The production reunites the team behind last year's re-discovery of Gorky's THE WHITE GUARD, director Howard Davies, adapter Andrew Upton, designer Bunny Christie, lighting designer Neil Austin and actor Conleth Hill. The production certainly has it's merits but for once Howard Davies' signature painstaking thoroughness doesn't quite suit this play.

Andrew Upton's version keeps poking you in the ribs with clunking modern terms - it certainly was a surprise for Lopakhin to blurt out "Oh bollocks" - but he didn't seem to bring much by way of insight.I have seen THE CHERRY ORCHARD a few times although it's not my favourite of Chekhov's handful of classic plays. All the components are there and there are certainly a remarkable number of roles for actors to get their teeth into, but somehow it doesn't quite engage me fully - although it features enough great Chekhov moments to make one seek it out again.

For me the problem is the dreaded second act when after a number of expositional conversations between characters, the act comes to a juddering halt when Trofimov, the eternal student, rails at the family and hangers on of Madame Ranyevskaya for their indolence and willful ignorance of the lives of the lower classes. It just goes on and on and on. And on.It's a production that probably would have worked better in the Lyttleton - there seemed to be an awful lot of stage to cover for the cast getting around Bunny Christie's faded dacha and this expanse of stage rather dissipated the tension that should grow during the third act party which culminates in Lopakhin's drunken appearance to announce to the stunned Ranveyskaya that he now owns her beloved Cherry Orchard. However despite these mis-steps, the great moments of the show worked their magic.

Most of these involved the heartbreaking character of Varya - in a lovely performance by Claudie Blakely - Ranyevskaya's older, practical daughter who has run the family home while it's fortunes have dwindled to zero and who has a wary but quiet affection for the equally shy Lopakhin. The painful fourth act scene when these two potential lovers attempt to voice their true feelings under the guise of small talk only to let the moment vanish for ever was profoundly moving. Their were fine supporting performances from Sarah Woodward as Charlotta - of the family, but not one of it - whose loss of security and home makes her one of Chekhov's most haunting figures, Kenneth Cranham's decrepit, tragic Firs, Tim McMullan's cadging friend of the family Simyonov-Pishchik and James Laurenson's permanently bewildered Gaev.

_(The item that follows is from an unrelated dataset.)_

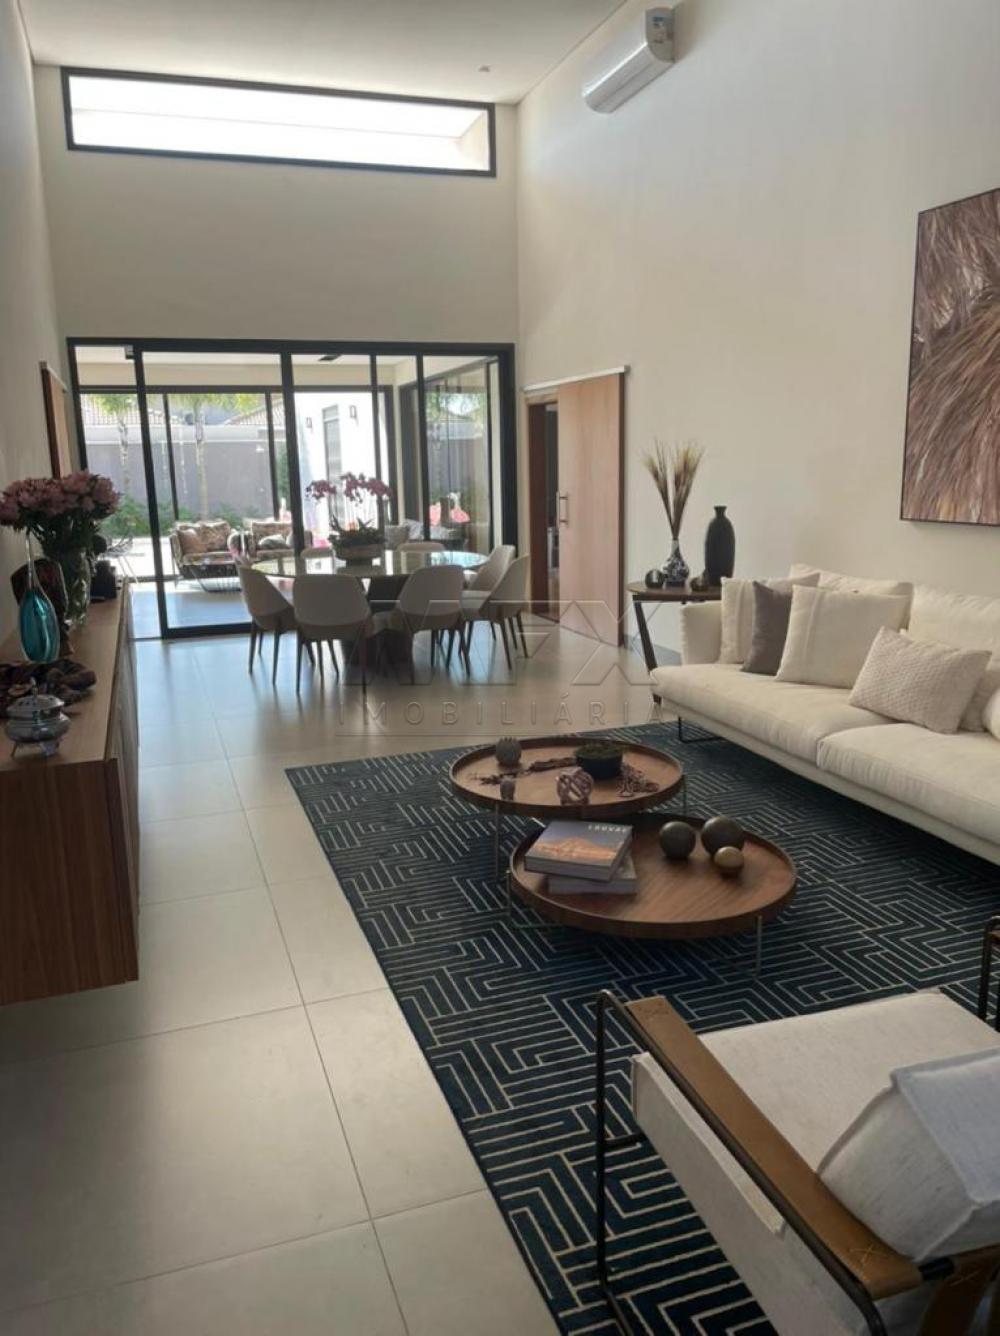 Comprar Casa / Condomínio em Bauru R$ 2.400.000,00 - Foto 4

Conleth Hill and Zoe Wanamaker were both potentially exciting choices for Lopakhin and Ranyevskaya and while they both gave interesting performances neither banished memories of Roger Allam and Vanessa Redgrave in the 2001 production. In particular Zoe Wanamaker, so adept at playing clear-eyed, practical characters, seemed at times an odd fit for Ranyevskaya who simply refuses to see the woods for her cherry trees.